Miguel José Yacamán (born 1946 in Córdoba, Veracruz) is a Mexican physicist who has made contributions to the fields of materials science, nanotechnology, and physics.

His research has focused on the correlation of structure and properties in nanomaterials and he has developed electron microscopy methods to study nanoparticles and 2-D materials. The present focuses of his work are to develop the nanoscale equivalent of high entropy alloys and new catalysts to produce cleaner fuels.

He earned his Ph.D. in Physics in 1972 from the National Autonomous University of Mexico and did his postdoctoral materials science studies at the University of Oxford. He was also a Postdoctoral Fellow at the NASA Ames Research Center in Mountain View, California from 1978-1979.

Yacamán became the director of the Institute of Physics from 1983-1991.  He was the Reese Endowed Professor in Engineering at the University of Texas at Austin from 2001-2008. In 2008, he joined The University of Texas at San Antonio (UTSA) to chair the Department of Physics and Astronomy in the College of Sciences until 2018.

As of 2019, he is a professor of physics at Northern Arizona University.

Research
Yacamán has done research on the structure and properties of nanoparticles including metals, semiconductors, and magnetic materials.
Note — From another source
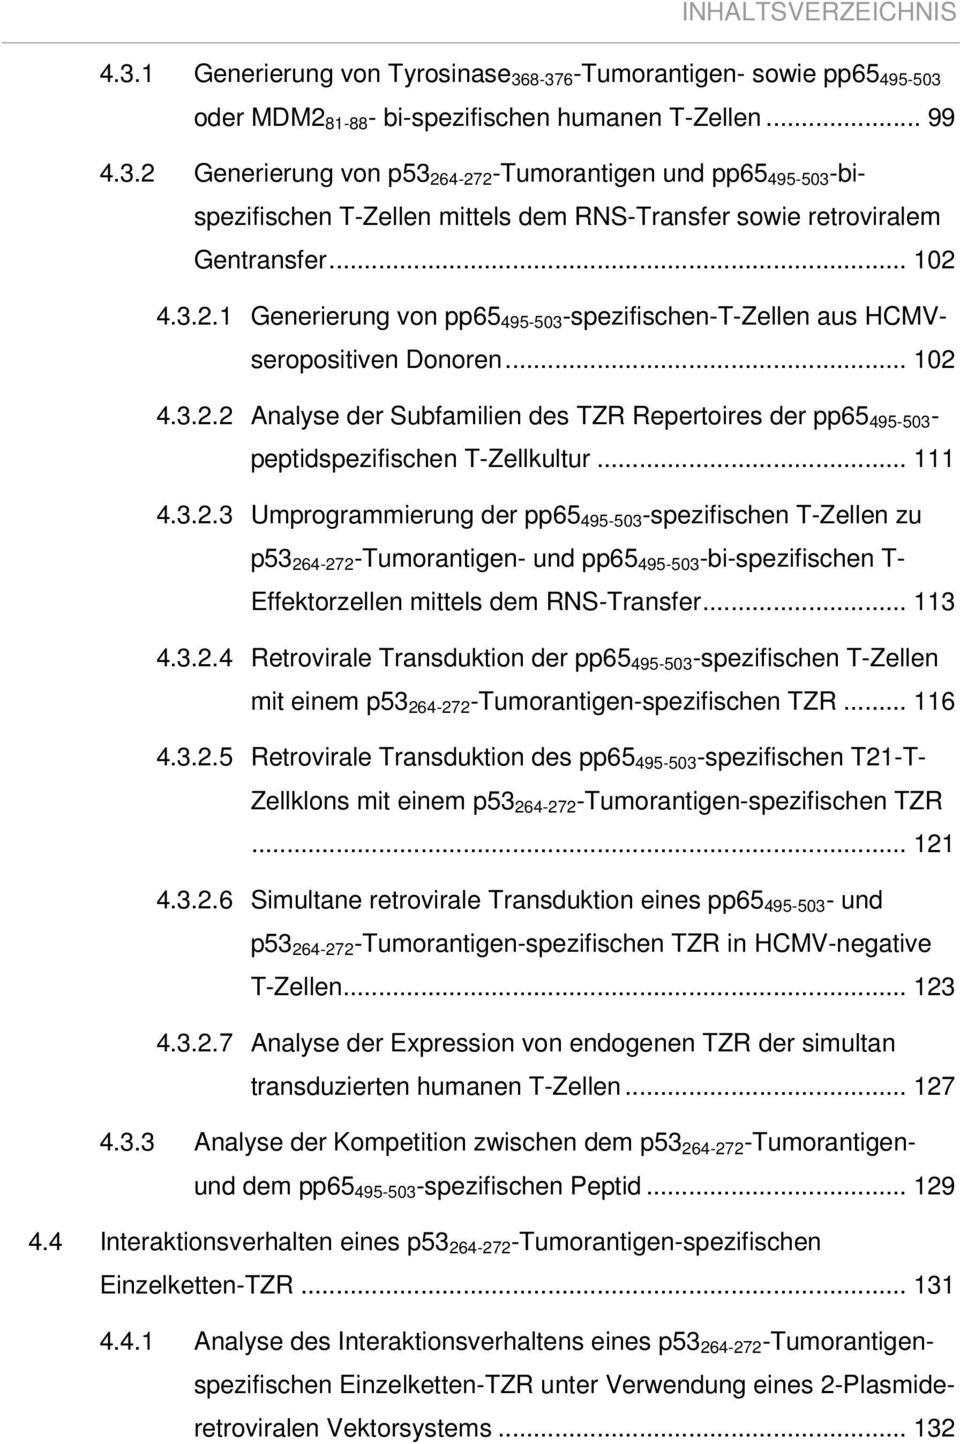 .. 111 4.3.2.3 Umprogrammierung der pp65 495-503 -spezifischen T-Zellen zu p53 264-272 -Tumorantigen- und pp65 495-503 -bi-spezifischen T- Effektorzellen mittels dem RNS-Transfer... 113 4.3.2.4 Retrovirale Transduktion der pp65 495-503 -spezifischen T-Zellen mit einem p53 264-272 -Tumorantigen-spezifischen TZR.

He has worked on synthesis and characterization of new materials (mainly nanoparticles), surfaces and interfaces, defects in solids, electron diffraction and imaging theory, quasicrystals, archaeological materials, catalysis, and physics and chemistry of asphaltenes.

Yacamán is the author of 9 books and over 550 technical papers with over 32,000 total citations. His work in nanoparticles opened a new era in electron microscopy of finite size. He has acted as associate editor of journals such as Acta and Scripta Metallurgica, Catalysis Letters, Journal of Nanostructured Materials, Microscopy Research, and Techniques and Materials Chemistry.

In June 2005, in collaboration with Jose Luis Elechiguerra (Fulbright Fellow), he published a groundbreaking paper on the inhibitory properties of silver nanoparticles against HIV-1. (Journal of Nanobiotechnology)

Honors and distinctions
Yacamán has held the Guggenheim Fellowship, and was awarded numerous prizes such as the National Prize of Sciences of Mexico and the Prize of the National Academy of Mexico in Exact Sciences. He is a member of the Mexican National Research System (level III), and in May 2003 he was appointed National Researcher of Excellence by CONACyT.

Yacamán has also made many contributions to Mexican science as Science Director of CONACyT (National Council of Science and Technology) during the nineties establishing many new programs that changed Mexican science.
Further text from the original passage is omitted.